Mit dem Stickoxid-Grenzwert hatte die Berliner Senatsverwaltung schon 2006 Bauchschmerzen. Sie warnte vor Diesel-Fahrverboten, wie ein Briefwechsel mit der EU-Kommission zeigt, der rbb|24 vorliegt. Brüssel hörte lieber auf die Autoindustrie. Von Dominik Wurnig

Hätte, hätte, Fahrradkette. Hätte die EU-Kommission 2006 auf die Bedenken der Berliner Landesregierung gehört, gäbe es heute in Städten wie Berlin oder Hamburg womöglich keine Fahrverbote für Diesel-Autos.
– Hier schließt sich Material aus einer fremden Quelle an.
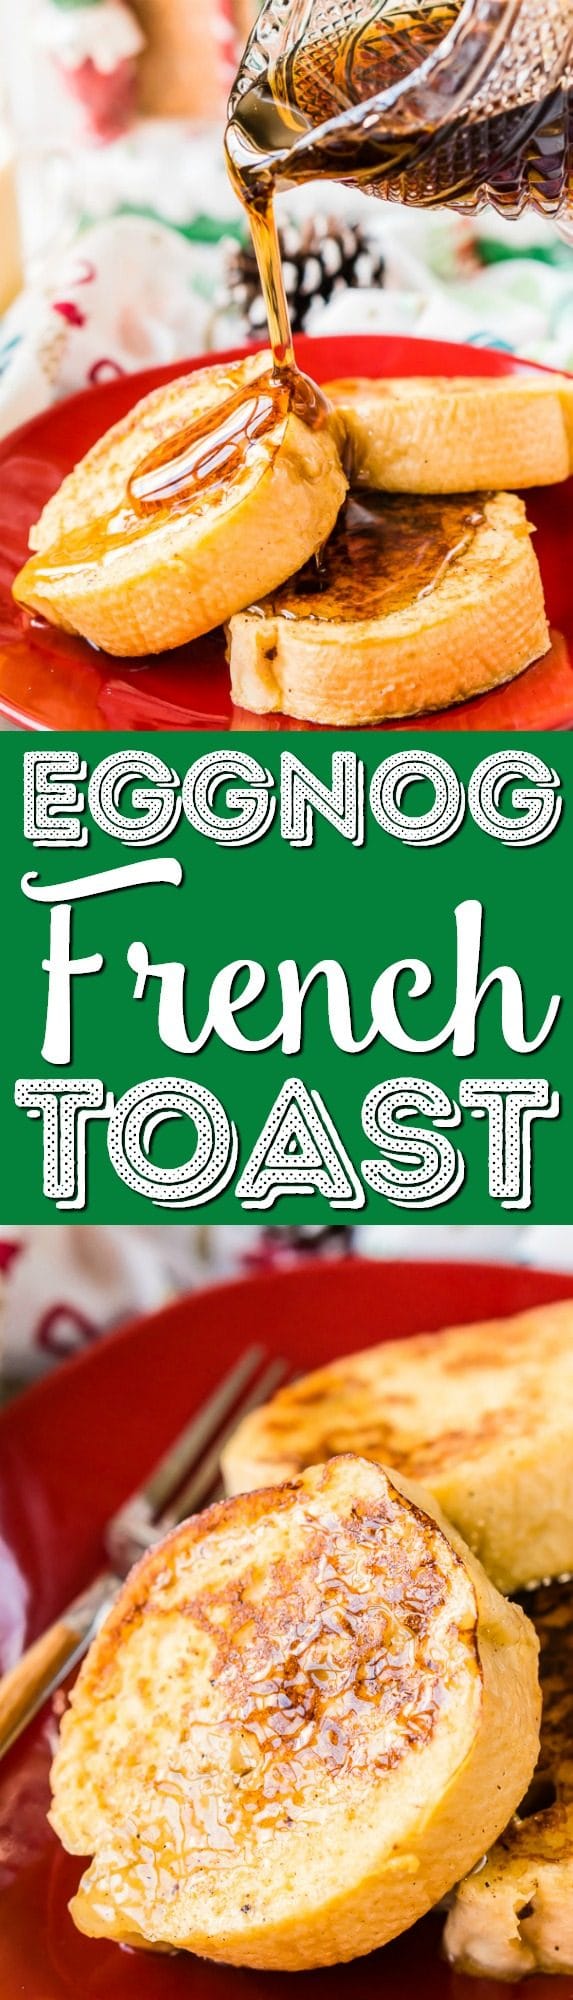 eggnog french toast

Damals erarbeitete die Europäische Kommission gerade die neue Auto-Abgasnorm Euro 5 - doch auf Druck der Industrie fiel diese sehr lasch aus.
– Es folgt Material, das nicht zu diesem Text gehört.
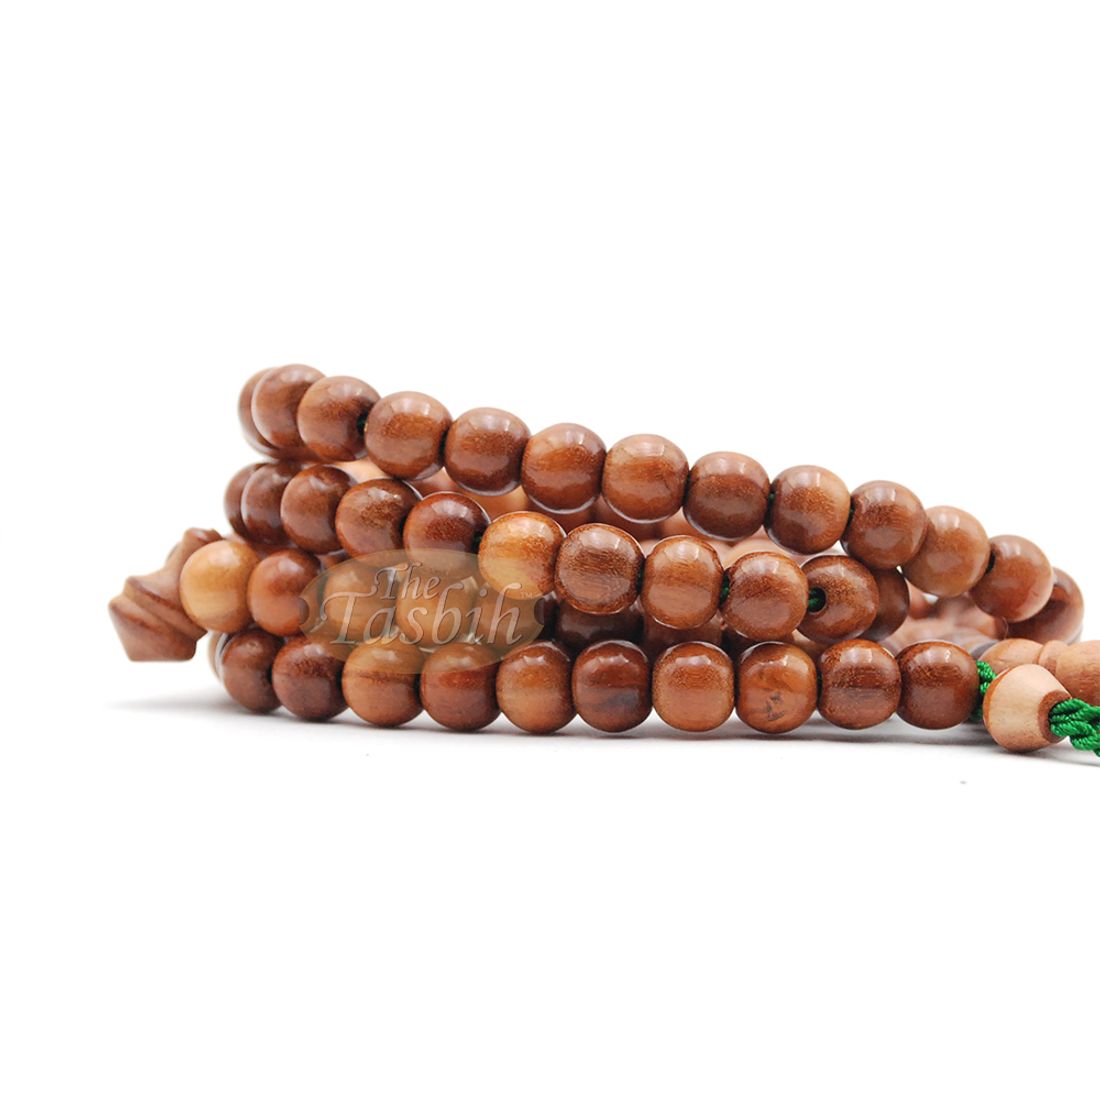 Natural Brown Color 8mm Prayer Beads Citrus Wood Tasbih with Green Tassels

In der Berliner Verwaltung sah man aber schon damals, welche negativen Konsequenzen die Norm nach sich ziehen würde: "Der vorgeschlagene Grenzwert für die Stickoxid-Emissionen von Dieselfahrzeugen ist jedoch aus Sicht des Berliner Senats nicht akzeptabel und im hohen Maße enttäuschend", schrieb die damalige Berliner Senatorin, Ingeborg Junge-Reyer (SPD), in einem Brief an Günter Verheugen (SPD), der in dieser Zeit Vizepräsident der EU-Kommission war.

Berlin forderte niedrigeren Grenzwert

Das Plädoyer aus Berlin: Statt 180 Milligramm Stickoxide pro Kilometer, sollten Diesel-Autos nur 80 Milligramm pro Kilometer ausstoßen dürfen – genauso viel wie Benziner schon länger. "Andernfalls ist nicht auszuschließen, dass auf lokaler Ebene ab 2010 Fahrverbote aufgrund der hohen Stickoxid-Emissionen auch für modernste Dieselfahrzeuge mit Partikelfiltern geprüft werden müssen", heißt es in dem Brief an den Parteifreund in Brüssel.

Kollage: Ingeborg Junge-Reyer (SPD) und EU-Politiker Günter Verheugen. (Quelle: dpa/Carstensen/Wolf)
| Bild: dpa/Carstensen/Wolf

Im Klartext: Wenn Diesel so viel in die Luft ausstoßen dürfen, kriegen wir die Luft nicht so sauber, wie sie ab 2010 laut verbindlicher Luftqualitätsrichtlinie sein müsste. Dann wird uns nichts anderes übrig bleiben, als Autos auszusperren. Der Vorwurf aus Berlin: Der Umweltschutz werde den Kosten einer Nachbehandlung geopfert. Auch in Japan und den USA gäbe es strengere NOx-Grenzwerte.

Absage aus Brüssel

Wie wir heute wissen, kam es so, wie von Junge-Reyer und ihrer Verwaltung prognostiziert. Die Argumente aus Berlin wurden von EU-Kommissar Verheugen weggewischt: "Technik zur weiteren Senkung der NOx-Emissionen von Dieselmotoren ist noch nicht einsatzreif."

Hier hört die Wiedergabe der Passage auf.